A Cidade Humanizada

Publicado em: 16/09/2013

selo-cronicas-da-desterroHá um ano, ao lançar um novo livro, decorei o salão do Museu Histórico, no Palácio Cruz e Sousa, com árvores, em vez de flores. Meu primeiro neto chegaria em alguns meses e, como bem sabemos, criança combina com árvore. Comprei, então, duas arvorezinhas, uma ameixeira e uma jabuticabeira que, após o evento, seriam plantadas no terreno ao lado do meu prédio, para acompanhar o crescimento do João Antônio.

A ameixeira foi replantada, mas a jabuticabeira instalou-se num cantinho especial da minha varanda e não quis mais sair de lá. Que seja! Quando o menino nasceu, enterrei o seu umbigo no vaso, junto à jabuticabeira, repetindo o gesto da minha bisavó. Com cuidado, carinho e boa adubação, as duas arvorezinhas estão crescendo faceiras e viçosas!

Dia desses acordei com um vozerio no terreno e barulho de arrancada e frenagem de caminhão. Eram operários descarregando maquinários e ferramentas para instalar uma “academia ao ar livre” no terreno ao lado, daquelas que estão sendo implantadas nas praças e terrenos baldios, como parte do esforço da atual gestão para tornar nossa cidade mais humana e amigável. A instalação atende reivindicação da vizinhança e já estava programada.

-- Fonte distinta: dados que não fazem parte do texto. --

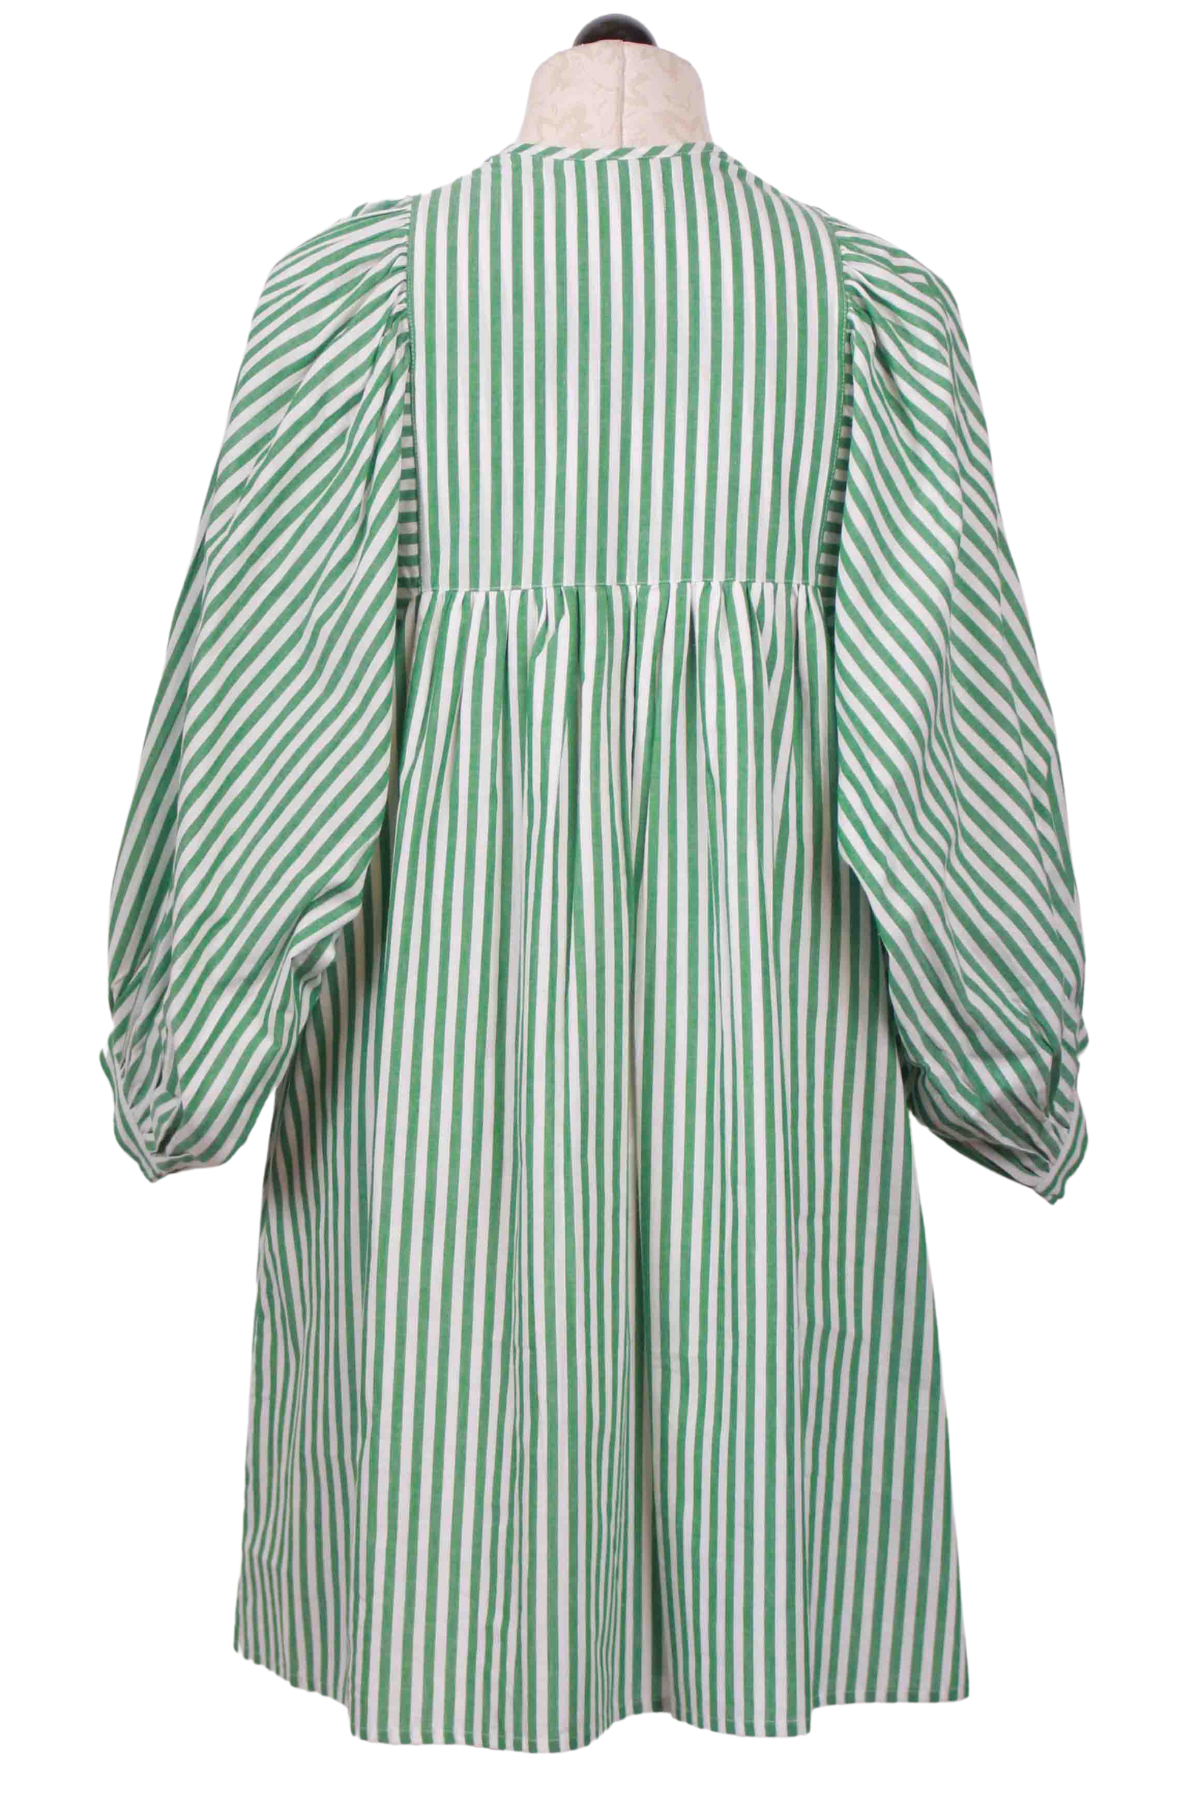 back view of Kelly Green and White Striped Daisy Dress by Mille

Pedi que tivessem cuidado, pois um carro de apoio estava estacionado a meio metro de distância da arvorezinha. Passei o dia em de alerta, preocupada com o entra e sai do caminhão despejando areia e brita. Um momento de distração e o susto: a ameixeira havia desaparecido. Em seu lugar, uma montanha de areia. Desci, indignada, apontando a insensatez! Os caras se espalhando, tipo “não é comigo!”, então vi um sujeito com jeitão de chefe e parti pra cima. Perguntei se era o responsável – imagina se era! Com o peso, a arvorezinha pendeu para o lado, totalmente coberta de poeira.

Prometeu que tirariam a areia imediatamente. Realmente, enquanto conversávamos, um deles começou a escavar. Eram quinze horas e eu segui para um compromisso, pois estava atrasada. Voltei às dezenove e trinta. A pequena árvore continuava soterrada. Essa etapa do trabalho terminou. Na sexta-feira, os trabalhadores recolheram seus apetrechos e ferramentas e foram-se. Deixaram para traz a arvorezinha e, sobre ela, o que restou da mistura de brita e areia que não foi aproveitada.

Humanizar a cidade não depende apenas do prefeito, nem de seus assessores. Ou se torna tarefa de cada um de nós ou nada feito!